Memurin Muhakematı Hakkında Kanun, memurların görevleri dolayısıyla ya da görevlerini yaptıkları sırada işledikleri ileri sürülen suçlar üzerine yapılacak soruşturmayı ayrı bir usule (idare kurullarının lüzumu muhakeme kararı koşuluna) tabı tutmuştur. Bu hüküm memurlar için bir teminat ve yargılama şartıdır. Nitekim CMUK’un 253. maddesinin 4. fıkrası hükmü ile bu teminat korunmuştur. Ancak, aynı maddenin son fıkrası ile bu kurala “derhal beraat kararı verilebilecek hallerde durma veya düşme kararı verilemez” hükmü ile bir istisna getirmiş bulunmaktadır.
Dosyaya göre, yerel mahkemenin, sanığı sorguya çektikten, müşteki ve tanıkları dinledikten ve tüm delilleri topladıktan sonra, yargılama koşulunu aramadan beraata karar verdiği, Özel Dairenin ise idare kurulundan lüzumu muhakeme kararı alınmamasının sonuca etkili olmayacağı gerekçesiyle katılanın temyiz itirazlarının reddiyle yerel mahkeme hükmünü onadığı anlaşılmaktadır.
CMUK’un 253/son maddesinin “derhal beraat kararı verilebilecek hallerde dur veya düşünme kararı verilemez” hükmüne, yargılamayı ulaştığı aşamada geriye götürmenin, gerek usul hukuku açısından, gerekse beraat eden sanık yönünden bir yararı ya da gereği bulunmamasına göre, beraate ilişkin mahkeme hükmünü onayan Özel Daire kararı yerinde görülmekle C. Başsavcılığının itirazının reddine, karar verilmiştir.

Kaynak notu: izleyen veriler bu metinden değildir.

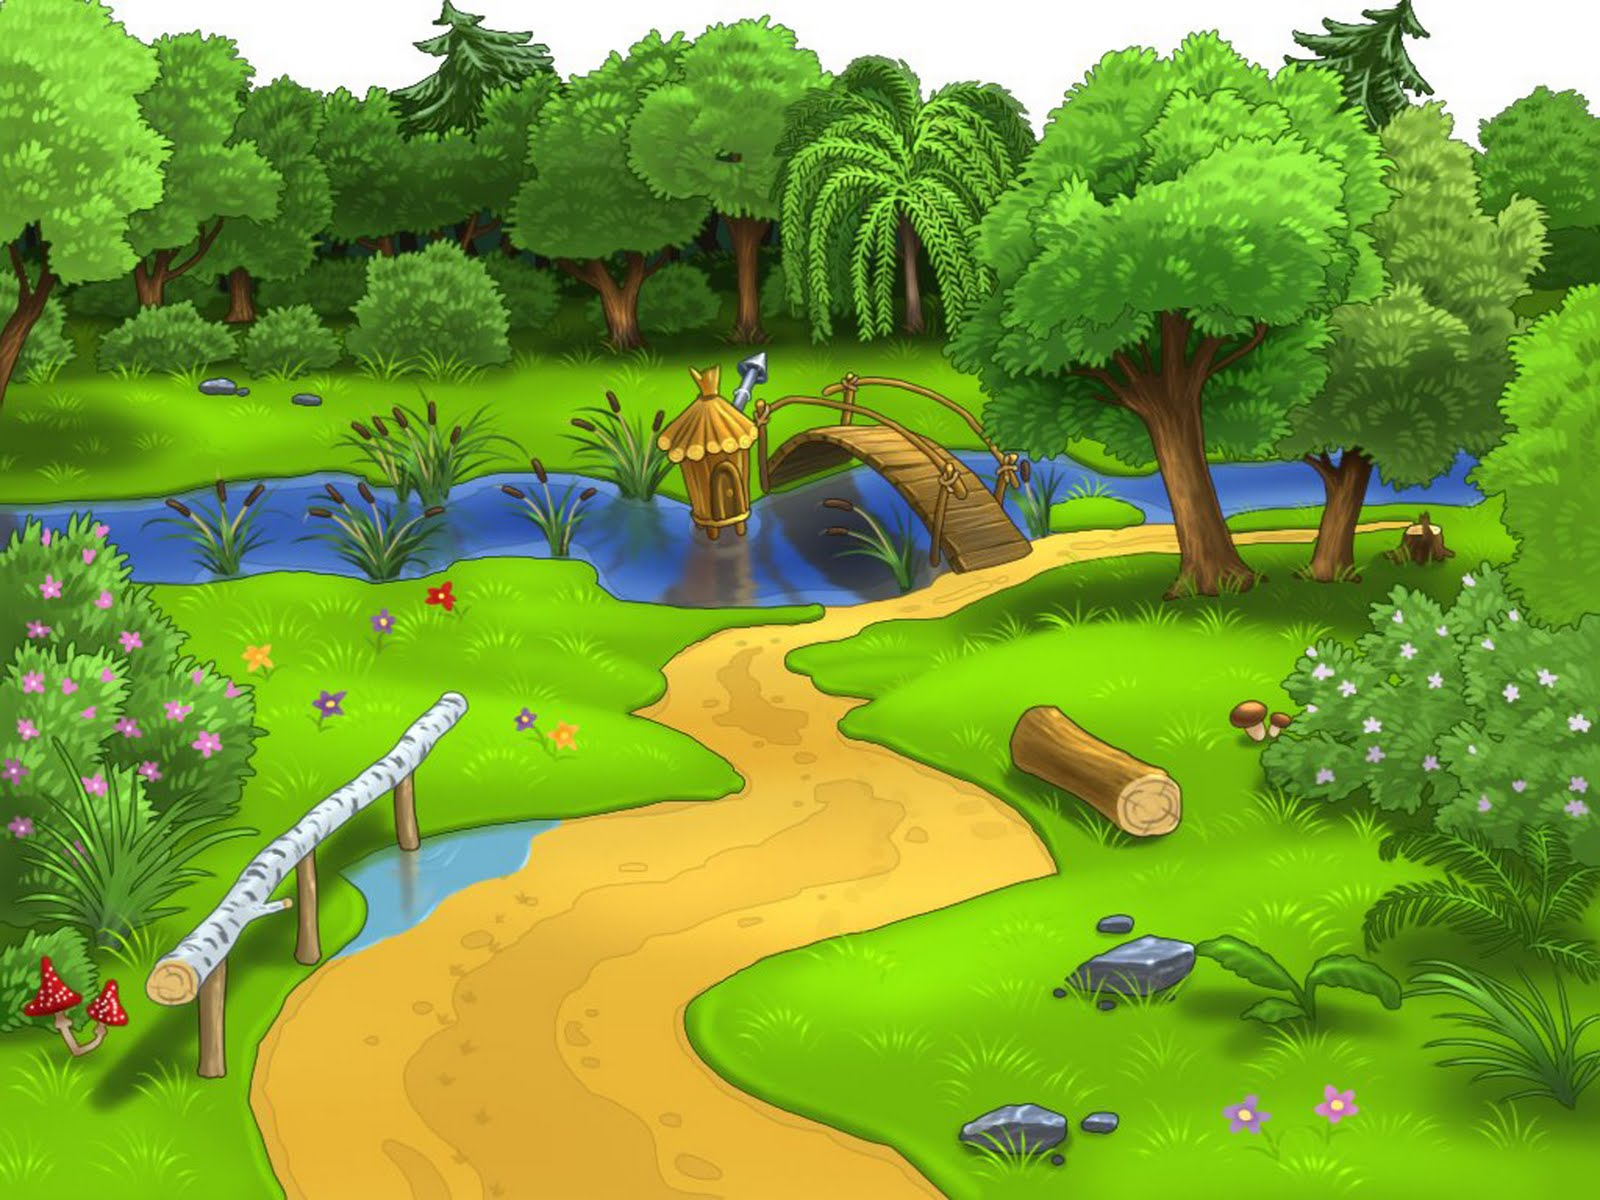 Marcos gratis para fotos paisajes infantiles for Buscar fondo de pantallas gratis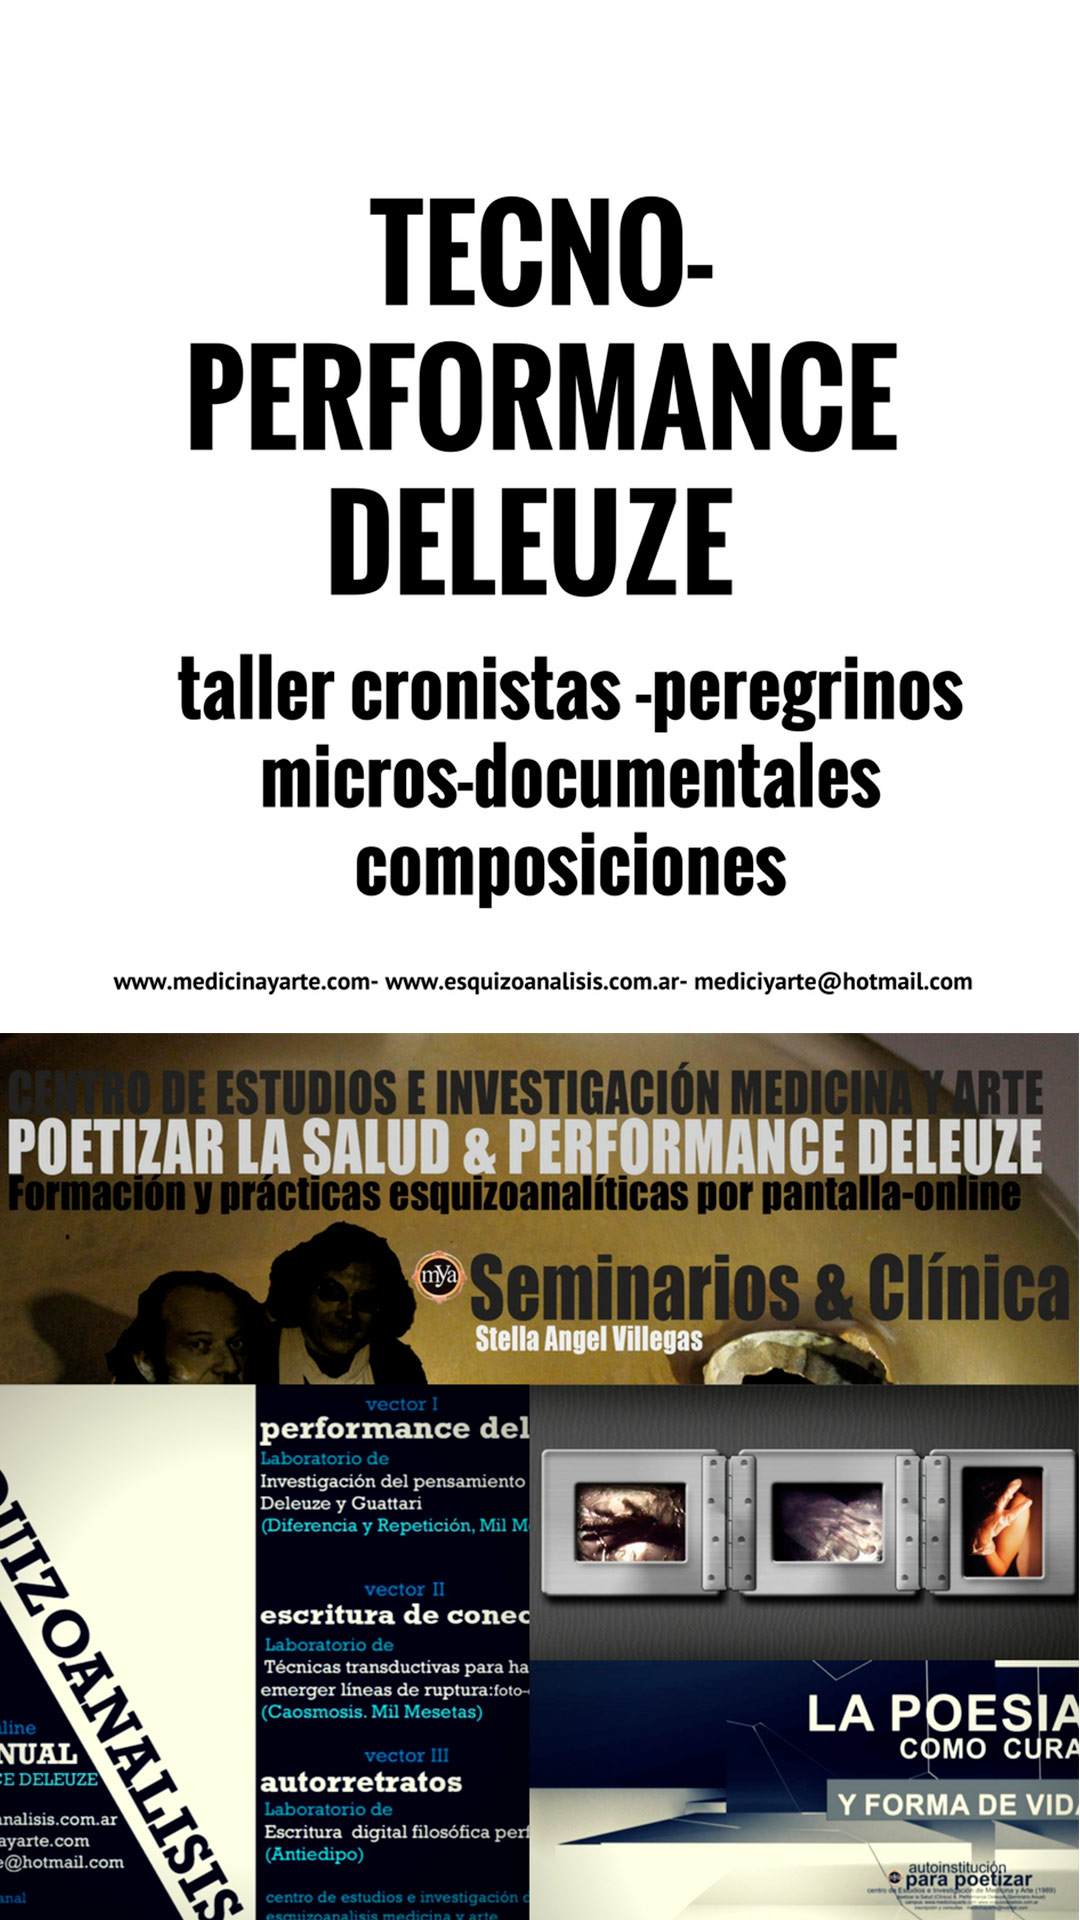 http://www.medicinayarte.com/img/TECNO-%20PERFORMANCE%20DELEUZE2.jpg

Yargıtay 6. Ceza Dairesi, 5.12.2022, 13384/16892
CMK 223/9’da yer alan “derhal beraat kararı verilebilecek hallerde durma, düşme veya ceza verilmesine yer olmadığı kararı verilemez” hükmünden anlaşılan, yargılamanın geldiği aşama itibariyle ilave bir delil toplanmasına ya da araştırma yapılmasına gerek olmadan beraat kararı verilebilecek olmasıdır. Böylece artık örneğin zamanaşımı dolduğundan bahisle düşme değil, beraat kararı verilmelidir. Somut olayda da, temyiz incelemesine kadar zamanaşımının dolduğu anlaşılmakta ise de, sanığın lekelenmeme hakkı yönünden kararı bozup düşme kararı vermek yerine, usul ve yasaya uygun beraat kararının onanmasına karar verilmiştir.